--- Provided records Enclosed Below ---

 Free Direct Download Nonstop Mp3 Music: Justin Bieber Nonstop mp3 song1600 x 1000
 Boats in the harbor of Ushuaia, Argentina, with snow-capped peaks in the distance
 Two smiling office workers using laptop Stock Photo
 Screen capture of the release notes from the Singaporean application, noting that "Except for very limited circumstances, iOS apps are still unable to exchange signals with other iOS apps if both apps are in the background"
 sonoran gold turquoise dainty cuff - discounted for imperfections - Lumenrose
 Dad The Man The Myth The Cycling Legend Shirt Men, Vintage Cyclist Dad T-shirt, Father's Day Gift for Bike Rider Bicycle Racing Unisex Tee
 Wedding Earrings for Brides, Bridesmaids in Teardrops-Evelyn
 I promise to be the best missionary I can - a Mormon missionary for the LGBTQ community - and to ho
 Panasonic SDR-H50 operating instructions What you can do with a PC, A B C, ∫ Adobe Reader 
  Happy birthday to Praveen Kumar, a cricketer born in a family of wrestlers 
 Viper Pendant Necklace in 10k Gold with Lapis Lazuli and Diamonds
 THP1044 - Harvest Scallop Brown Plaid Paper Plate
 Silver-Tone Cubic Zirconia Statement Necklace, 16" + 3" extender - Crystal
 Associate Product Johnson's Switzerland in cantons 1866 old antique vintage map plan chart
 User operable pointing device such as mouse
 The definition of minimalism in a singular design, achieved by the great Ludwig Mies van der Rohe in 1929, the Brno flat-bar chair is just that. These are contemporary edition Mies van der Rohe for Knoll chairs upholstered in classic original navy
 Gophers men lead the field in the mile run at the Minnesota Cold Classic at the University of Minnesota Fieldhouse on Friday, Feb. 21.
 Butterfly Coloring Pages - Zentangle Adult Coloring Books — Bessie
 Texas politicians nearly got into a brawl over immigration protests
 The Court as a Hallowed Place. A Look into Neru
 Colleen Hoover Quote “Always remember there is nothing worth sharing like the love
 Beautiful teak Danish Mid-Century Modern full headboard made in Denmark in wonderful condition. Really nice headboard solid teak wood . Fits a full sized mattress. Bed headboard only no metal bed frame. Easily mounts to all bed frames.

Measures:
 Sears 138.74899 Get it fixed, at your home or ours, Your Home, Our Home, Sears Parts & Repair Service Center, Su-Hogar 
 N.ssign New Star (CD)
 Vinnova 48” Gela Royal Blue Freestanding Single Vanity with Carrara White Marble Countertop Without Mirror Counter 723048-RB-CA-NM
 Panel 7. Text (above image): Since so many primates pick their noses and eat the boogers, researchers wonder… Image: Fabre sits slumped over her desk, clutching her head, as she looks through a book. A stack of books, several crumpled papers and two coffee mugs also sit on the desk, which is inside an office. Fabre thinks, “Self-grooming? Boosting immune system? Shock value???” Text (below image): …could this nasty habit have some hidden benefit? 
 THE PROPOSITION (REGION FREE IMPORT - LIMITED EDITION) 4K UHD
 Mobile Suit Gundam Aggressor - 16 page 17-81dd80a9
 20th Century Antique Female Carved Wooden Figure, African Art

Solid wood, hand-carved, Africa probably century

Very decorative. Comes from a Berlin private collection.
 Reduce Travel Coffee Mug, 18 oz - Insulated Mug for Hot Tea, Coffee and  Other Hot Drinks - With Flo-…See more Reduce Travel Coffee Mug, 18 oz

--- End of Enclosed Provided records ---

> [Problem]: From the data above, return every line from the line that has "Associate Product Johnson's" up to and including the line that has "User operable pointing device such as mouse", exactly.

> [Worked solution]:
 Associate Product Johnson's Switzerland in cantons 1866 old antique vintage map plan chart
 User operable pointing device such as mouse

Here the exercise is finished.